Laut dem Vizepräsidenten des Zentrums stehen die Landwirte vor der Wahl: „ Entweder weitere Schulden oder Produktionsaufgabe . Nach einem desaströsen Jahr 2025 ohne Einnahmen haben die Betriebe die versprochene Entschädigung immer noch nicht erhalten.
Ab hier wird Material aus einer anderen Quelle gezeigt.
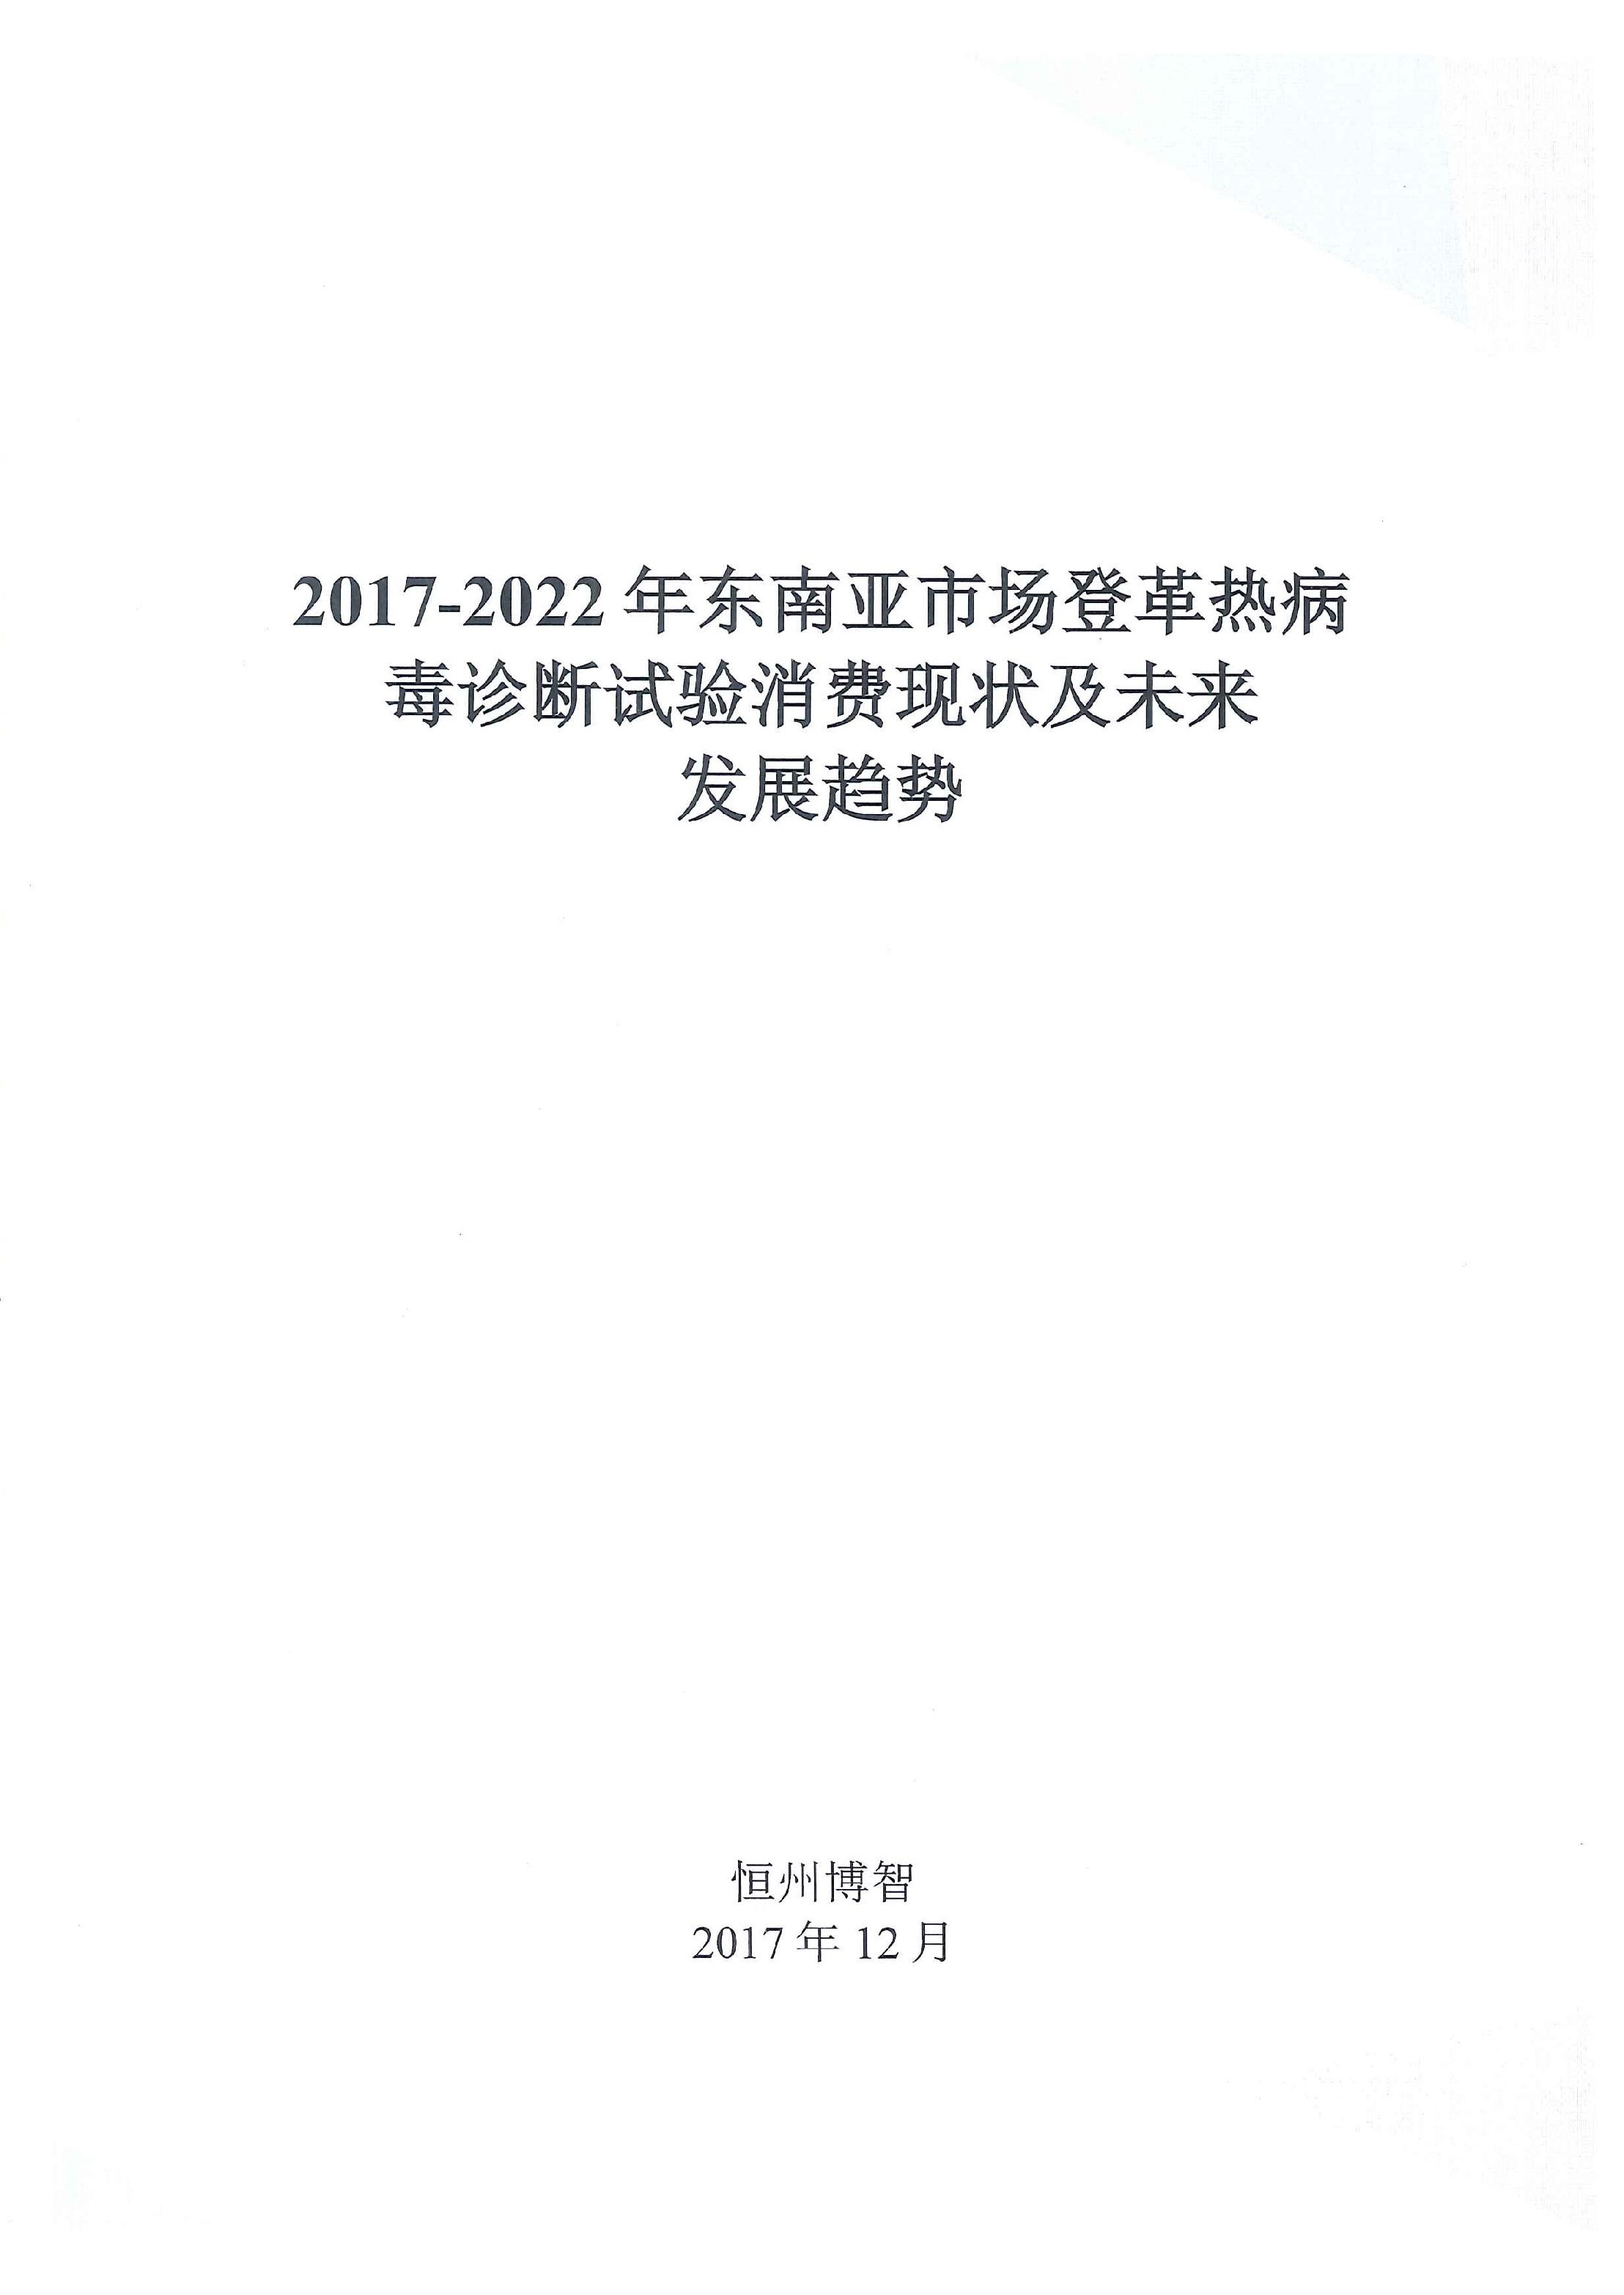 2017-2022年东南亚市场登革热病毒诊断试验消费现状及未来发展趋势 [電子書]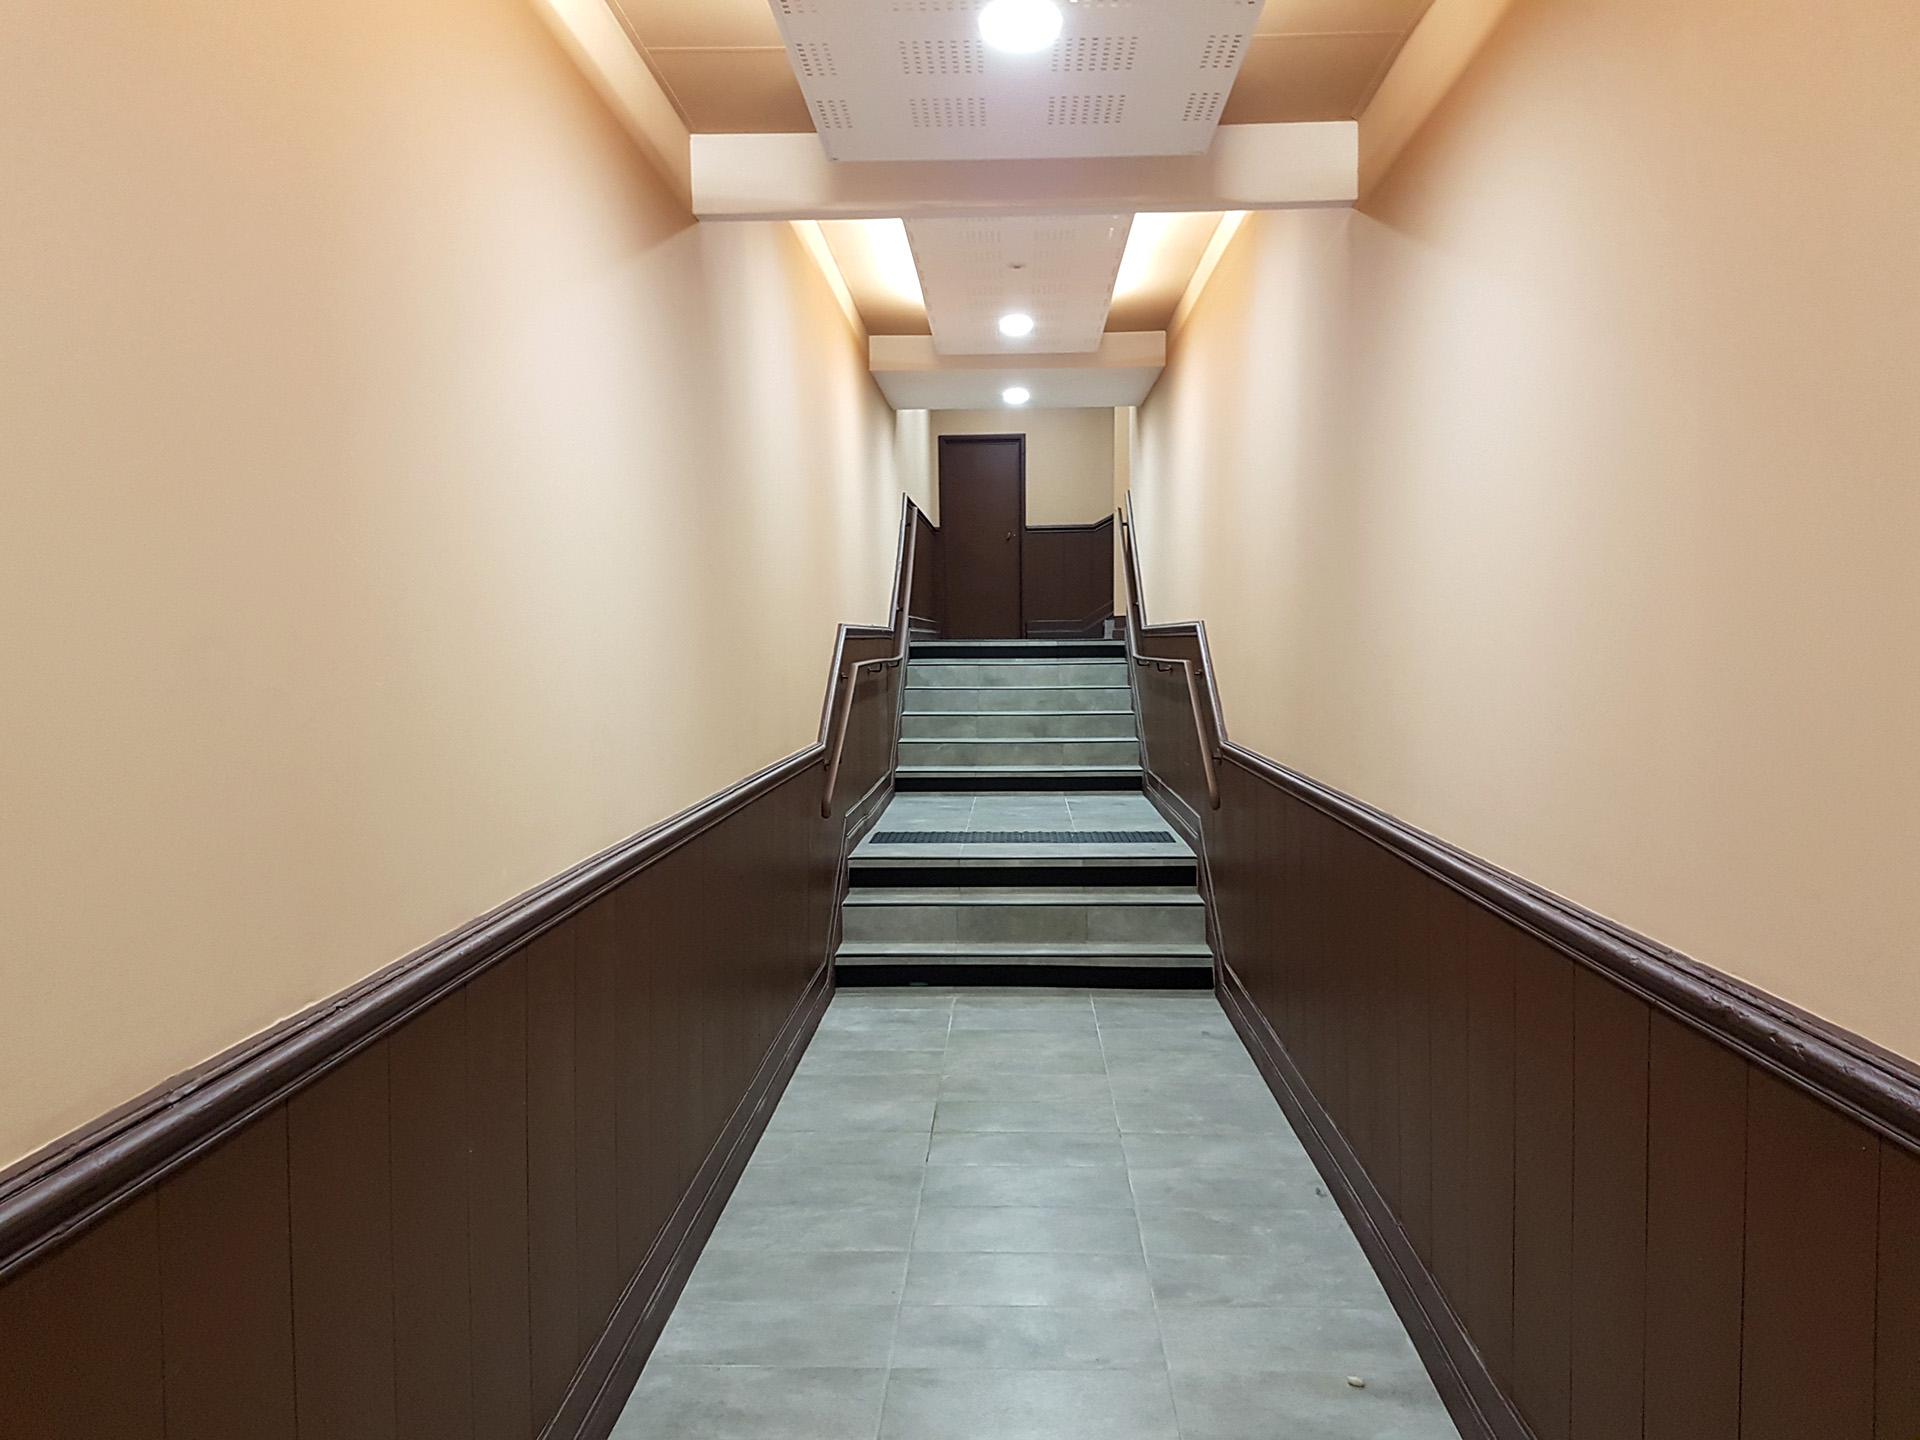 lhenry-cote-deco-decoration-d-un-immeuble-003-1

Bis heute hat der Rat der Laoré-Agentur nicht die notwendigen Richtlinien für die Freigabe der Zahlungen erteilt, die den Beginn des neuen Landwirtschaftsjahres ermöglichen würden.“

Ruggiu beklagt mangelnde politische Entschlossenheit gegenüber den zuständigen Gremien: „Nicht nur herrscht Schweigen über die Dürrehilfen für 2025, sondern wir erleben auch inakzeptable Verzögerungen bei früheren Anträgen .“ Auch die Gelder im Zusammenhang mit dem „Ukraine-Dekret“, auf die viele Landwirte warten, sollen eingefroren sein.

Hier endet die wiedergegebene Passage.